No, no, no.  My choices are misguided. SH is convinced that the age range needs to be a goldilocks mid-twenties; not too young, not too old.  

I go through the resumes and write out the highlights of each applicant on a sticky note for her examine.  SH isn't lazy; her English isn't strong enough to read the paragraphs of I-can-use-this-word-so-you-should-hire-me papers.  We discuss a few of the applicants who stand out, and set up three Skype/phone interviews.  SH hands me a paper of questions to ask the applicants, and then she finishes the interview with a little speech she has written out.    

"Do you like children?  Teaching children is deferent than teaching adults.  Many times students don't listen to you and they will bother you. I want you to know about this."

One applicant tells us how she is obsessively organized and clean.  After the interview, SH asks me what she meant, and I say that it means everything is neat and on time.  We look at our desks which are covered in lesson plans, reminders, and, in my case, a pen shaped like a fluffy flamingo.

"Not like that," I say.  She laughs.  I will miss her.

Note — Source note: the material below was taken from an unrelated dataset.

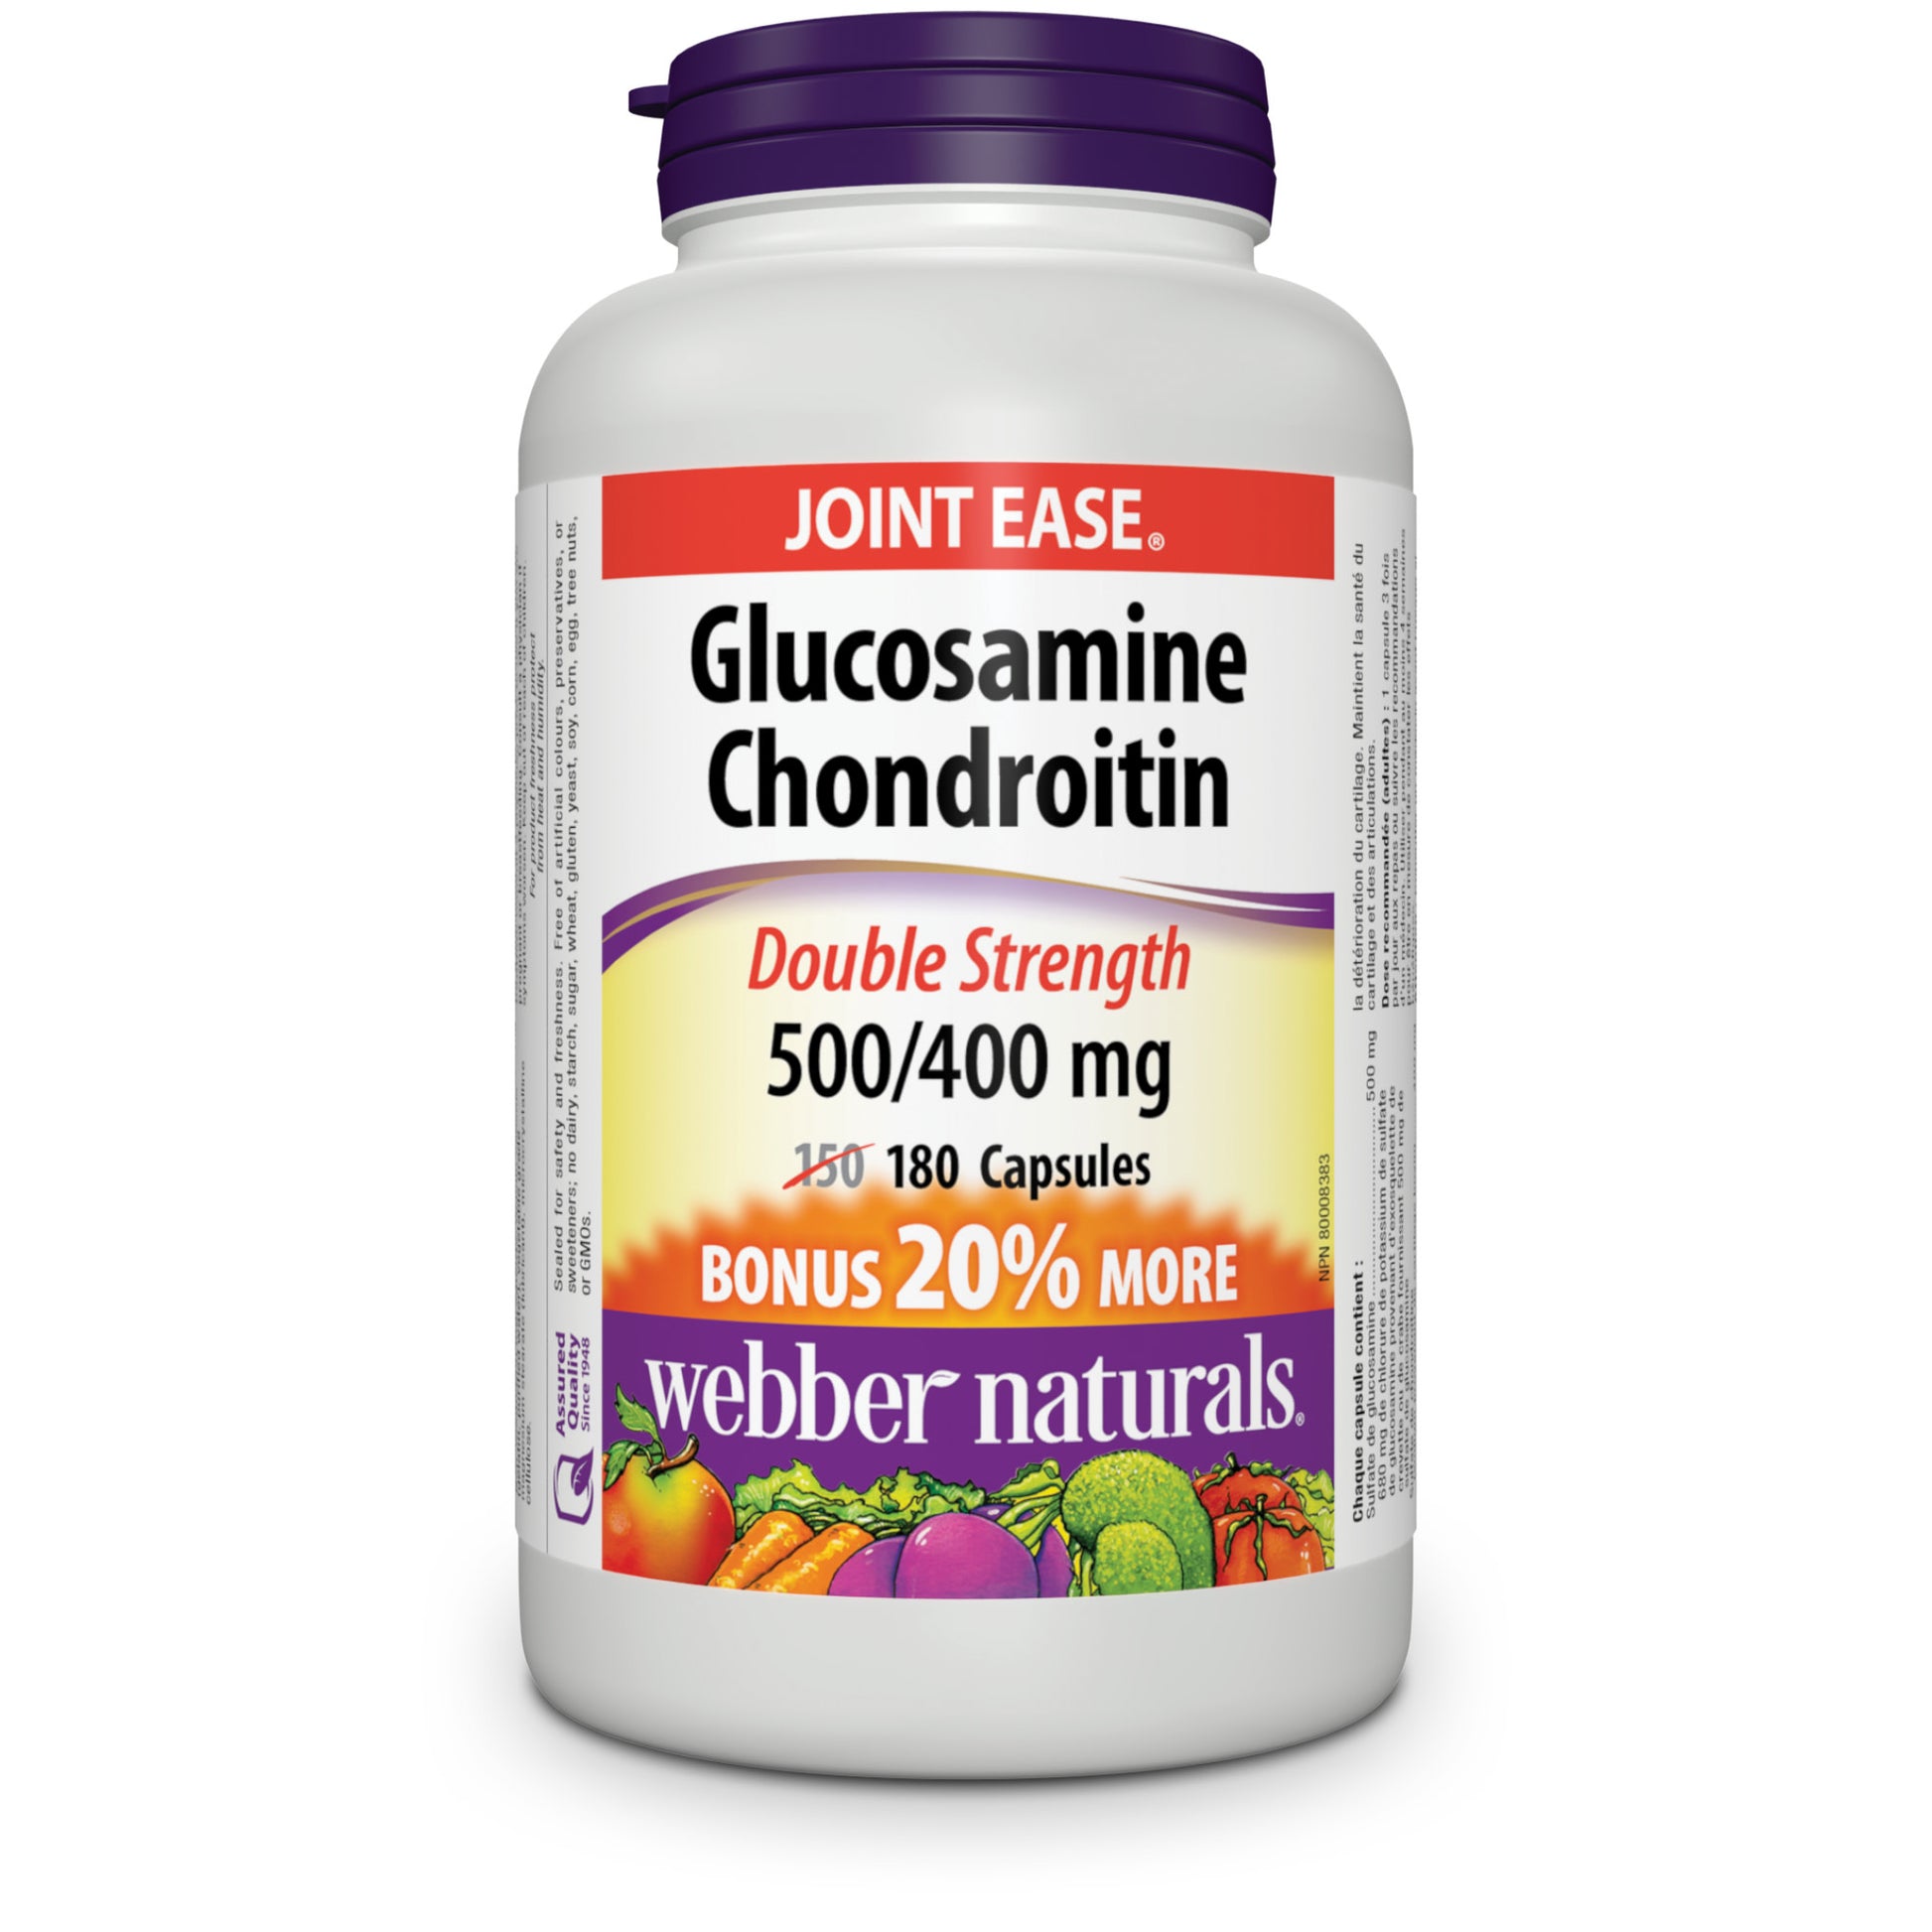 Glucosamine Chondroïtine Double concentration 500/400 mg for Webber Naturals|v|hi-res|WN3839

Eventually we settle on a girl who is friendly and energetic.         

January:

After a three-week vacation in Sweden, which is not an ideal location to winter, I come back to the equally snowy Korea and conduct my two week Winter camp.  

February:

My time in Korea is coming to a close.  Something about the impending departure makes me simultaneously want to soak up every last minute, even as I impatiently wait to leave.  It's not that I'm sick of Korea; I just have the expiration in sight and the remainder feels like waiting in line.  Really slowly -- because each day at school I sit at my desk for eight hours and try to be self-motivated.  I read online that another public school teacher spent his excess desk hours teaching himself finances and is now a bit of an investing guru.  This is inspiring, I think to myself, as I watch my online television shows.


Teacher's Dinner
Our school has a final Teacher's Dinner at a Japanese restaurant in Geumchon.   We are seated on cushions on the floor and there are several long tables in a sectioned off area that we reserved.  It's on a slightly raised platform and we take our shoes off before stepping up.  It's Japanese, but, like every good restaurant in Korea, has kimchi, hot soups, Soju and Hite.  The tables are gloriously laid with sushi and side dishes and alcohol and soft drinks.  As we sit and eat, the waiters constantly stream in with new foods to try; sashimi, soups, fried desserts.  

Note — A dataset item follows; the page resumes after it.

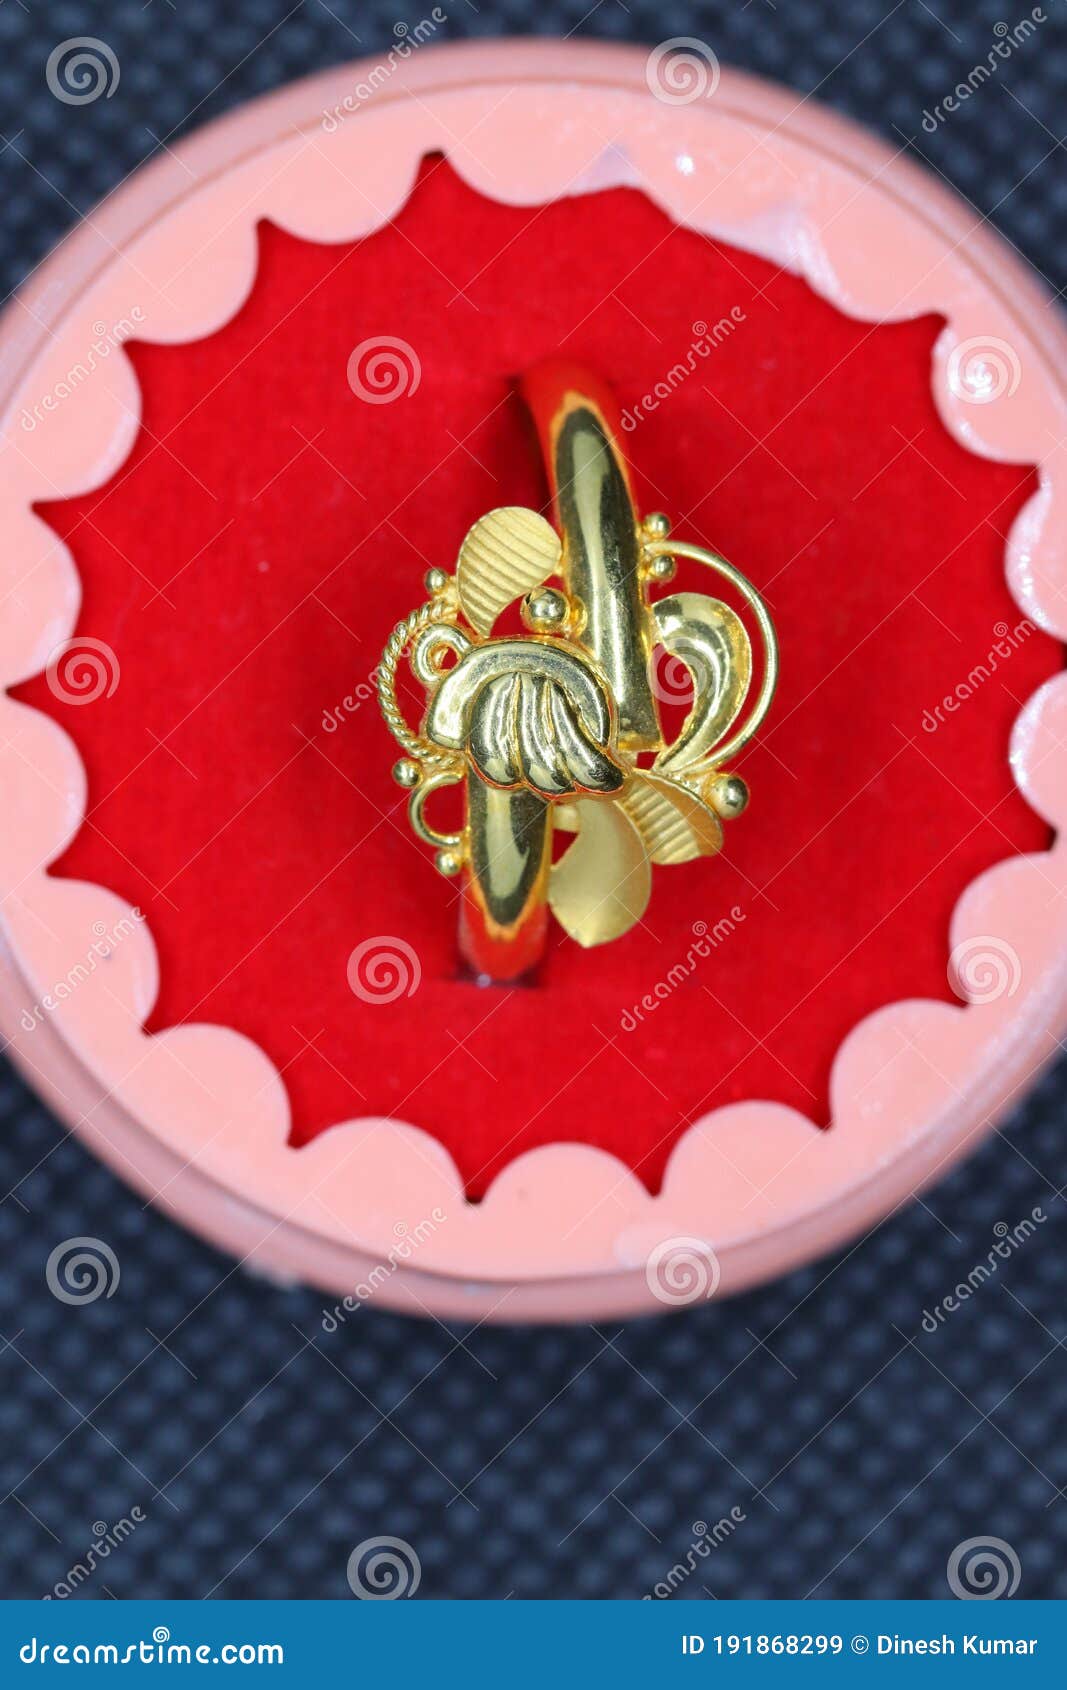 Gold Plated Panchadhatu Large Flower Design Free Size Ring For Women

But before we start: Surprise!  The leaving teachers will all be giving short goodbye speeches to the room.  I suppose I should have anticipated this after having had to give an intro speech at the beginning of the year, but it hadn't crossed my mind.  I wish I could remember enough Korean to say something significant.  The person giving her speech before me is young -- mid-twenties -- and starts to cry halfway through her speech.  Everybody "awww" or giggles and she can't finish her speech.  I, of course, am next.  Yes, I'm supposed to follow the crying girl.

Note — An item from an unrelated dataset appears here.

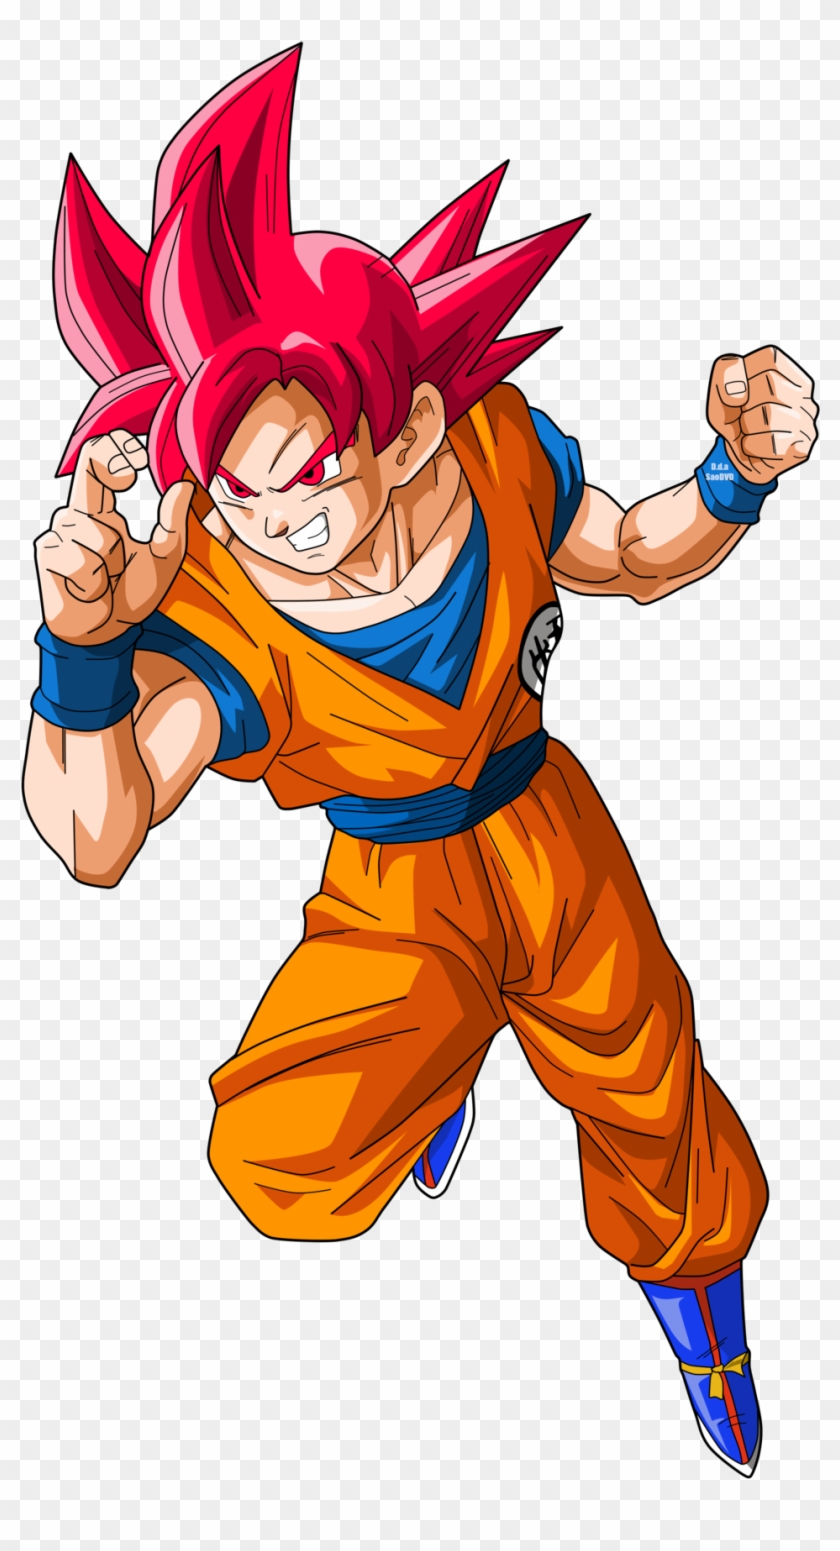 Goku Super Saiyan God PNG Image

I stand up and bow, and enunciate very clearly and slowly how grateful I am to everyone (wide gesture to the room) and how I love Korea and its mountains (big mountain curve gesture) and it's very beautiful and I am very happy to have come and everyone is very kind.  I end with a Korean thank you and a bow.  They hand me a goodbye envelope with 10,000 Won and a slip of paper with something typed in Korean.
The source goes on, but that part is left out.